Accreditation is "Broken": NCAHF, CCAP and Some Personal Experience

here, I cite from a recent Consumer Health Digest issue by the National Council Against Health Fraud [NCAHF] which cites a recent Center for College Affordability and Productivity [CCAP] report [see 001., below]; then, I quote some from that report [see 002., below]; then, I attach it to naturopathy [see 003., below]:


"[CCAP] has published a detailed analysis of the role that accreditation has played in American higher education [... it] concludes 'our current system of higher education accreditation is broken [...] it does a poor job of conveying important information to those funding it, including the customers themselves (students) as well as major donors (governments, private philanthropists) [...] this study outlines a series of different  approaches to introducing a new system [...] new approaches to the accreditation process could give consumers more practical information on the strengths and weaknesses of institutions [...] and be ultimately governed by persons far removed from those being accredited' [...NCAHF says this] is relevant to consumer health because the current system permits schools to promote health care approaches that are not science-based."

Note: yeah, baby!  I'll take it one step further [see 003., below].

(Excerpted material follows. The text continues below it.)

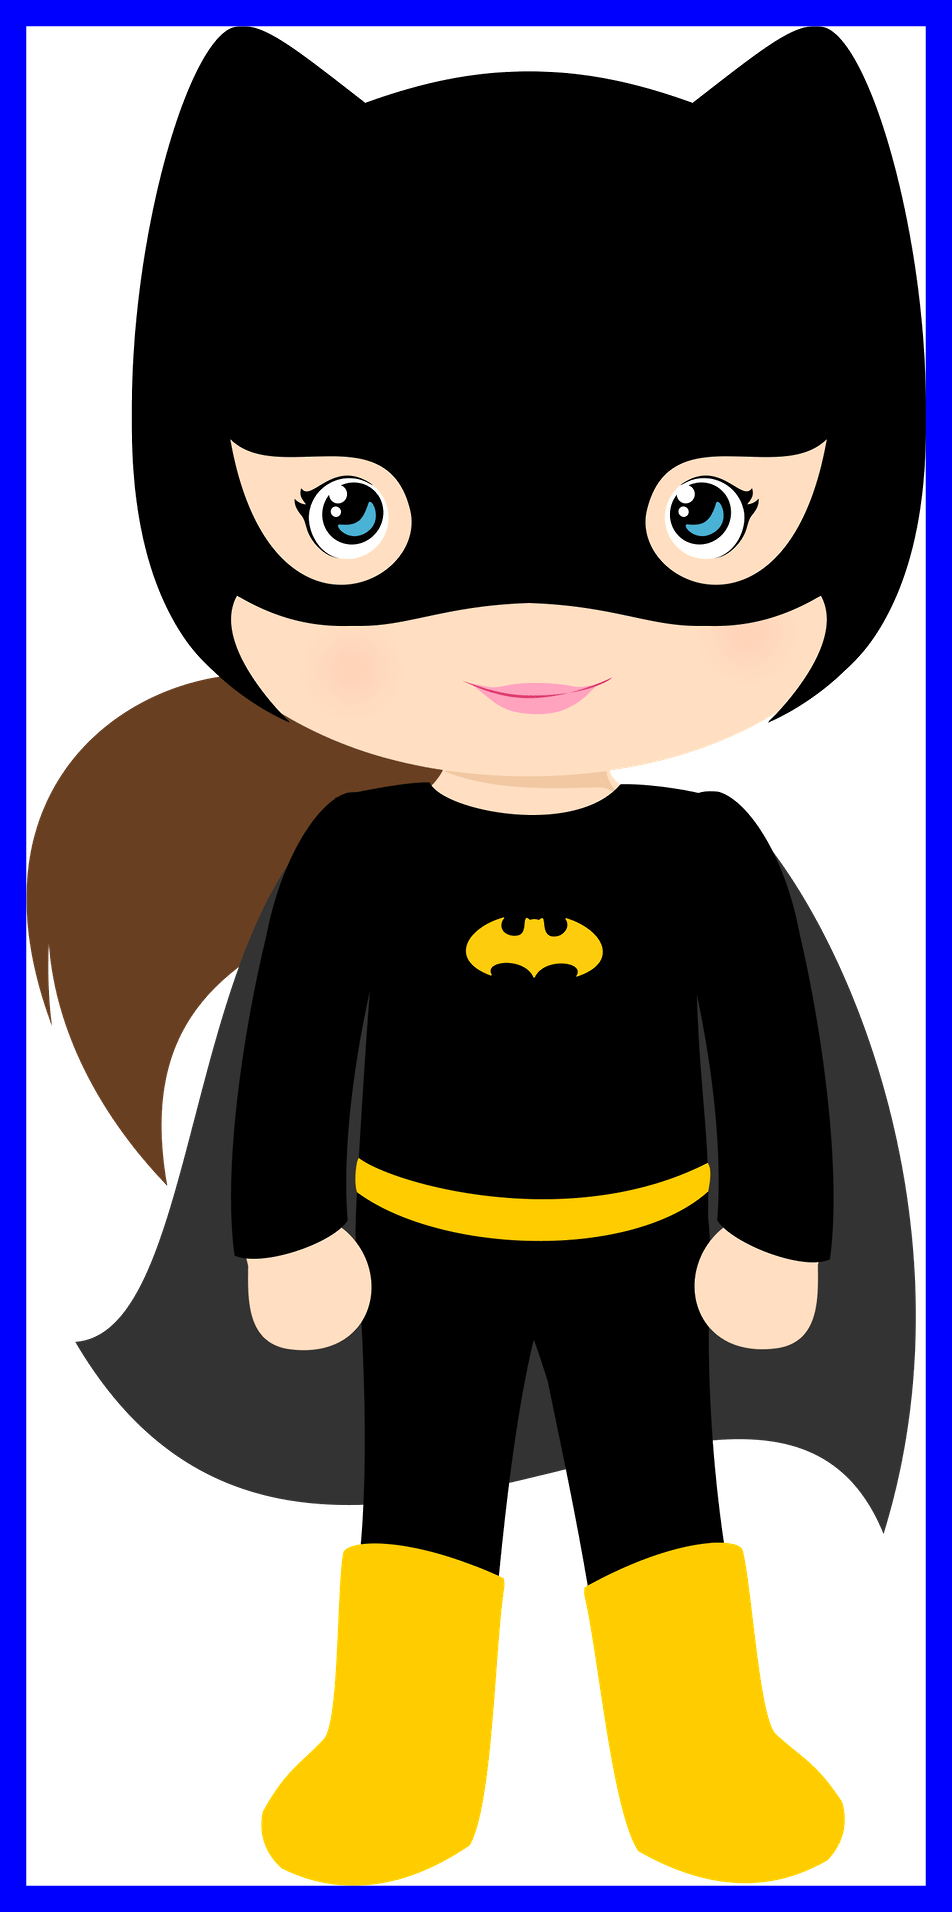 Batgirl logo PNG imagen Transparente

002. in that the position paper "The Inmates Running the Asylum? An Analysis of Higher Education Accreditation", Center for College Affordability and Productivity [2010-10] authors Gillen, Bennett and Vedder state their major recommendations:

"accreditation  [...] needs to be changed [...] first, any system of accreditation or certification must focus on quality control and improving matches of consumers and producers [...with] complete public disclosure not only of accreditation reports, but also of information about student outcomes [...] second, the current binary system where schools are either approved (accredited) or not-approved (not accredited) is unacceptable, and should be replaced by a system that provides vastly more indicators of quality in a far more nuanced fashion [...] third [...] most notably, accreditation today was largely created by institutions themselves to promote institutional self-interest, not the public interest [...or] broader public needs. Fourth [...] a replacement system would be far more outcomes-based than current accreditation [...] fifth [...] the role of a single regulatory authority, most notably the federal government, should be minimized [...p.047] a move in this direction is badly needed and grossly overdue [p.048]."

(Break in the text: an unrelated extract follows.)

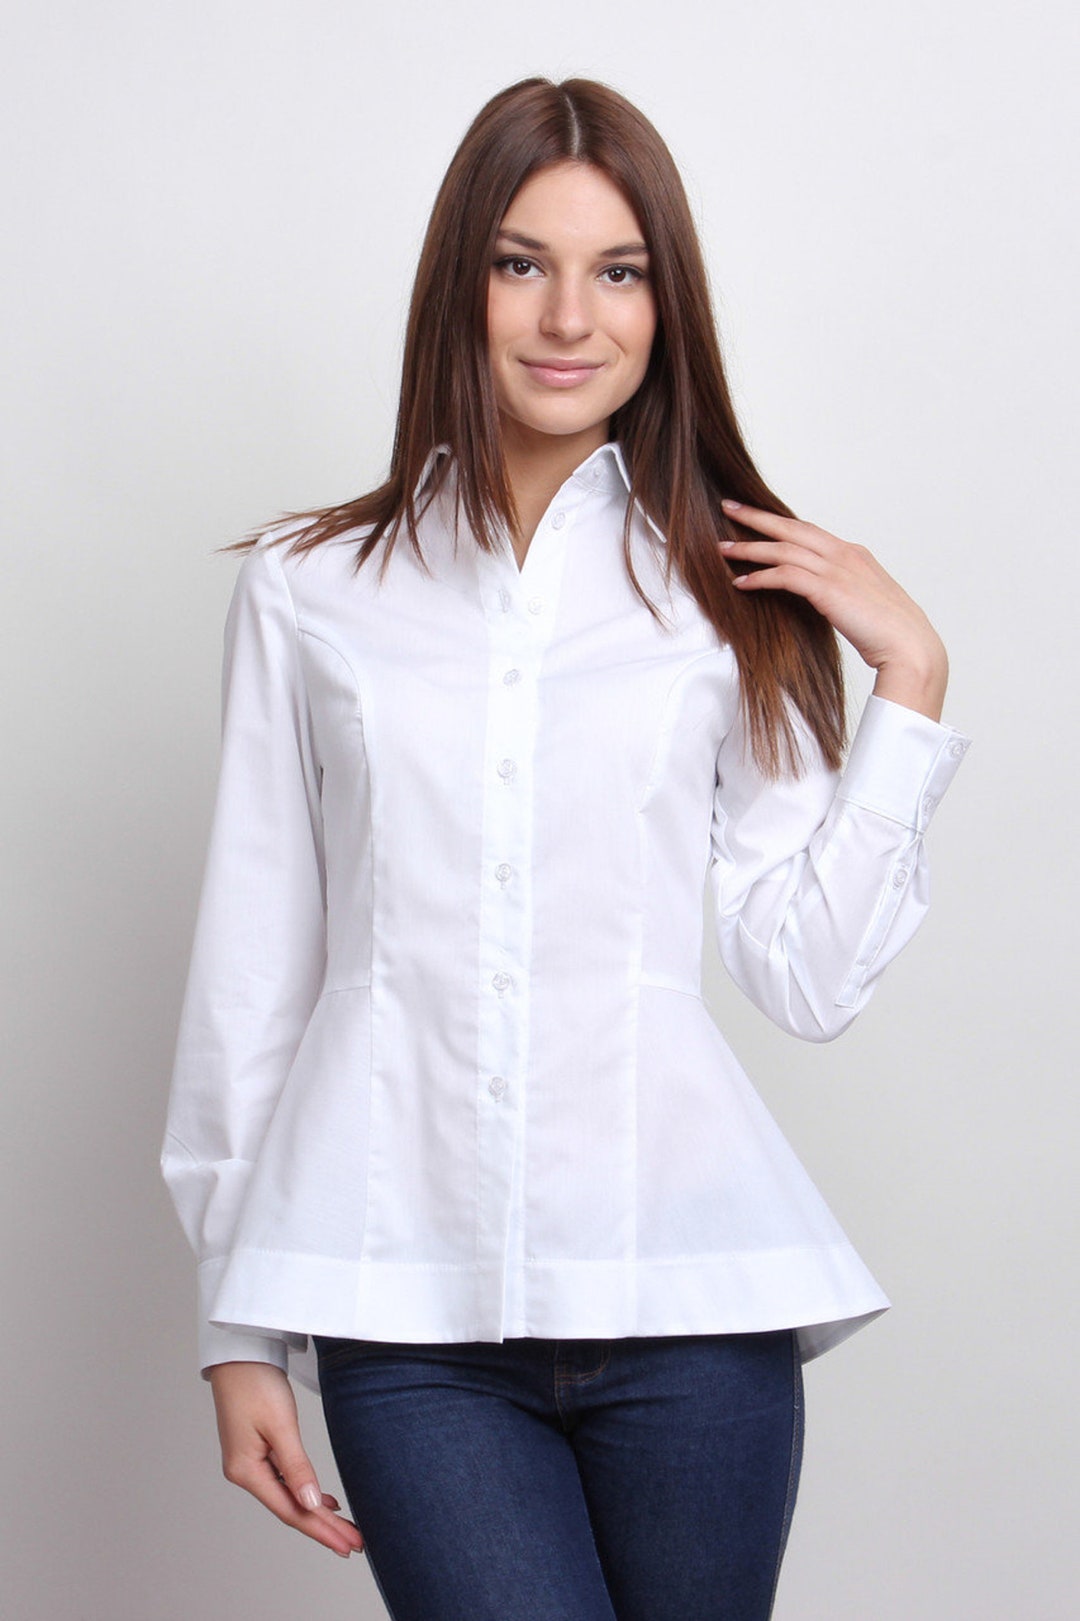 Designer White Women Shirts. Office Blouses. Business Female - Etsy

Note: though issues of quality are matters of extent, I must emphasize that my criticism of naturopathy is not a sliding gray-scale like slippery-slope.  When naturopathy states that it is scientific and nonsectarian, I know it to actually be categorically [as opposed to qualitatively], at its essential core [e.g. vitalism, supernaturalism, etc.] not science and actually science-ejected.  Yet, they persist and they cannot be held accountable, because, as I know all too well, the system is as hugely broken as naturopathy essentially is hugely nonscientific.

003. I'll restate NCAHF's take [my words, not theirs, from my immediate experience]:

'this is relevant to consumer health because the current system permits schools to promote health care approaches that are not science-based and falsely label them as science-based.'

Note: e.g., naturopathy schools.  And, it's no longer then a matter of quality, but of categorical commercial fraud.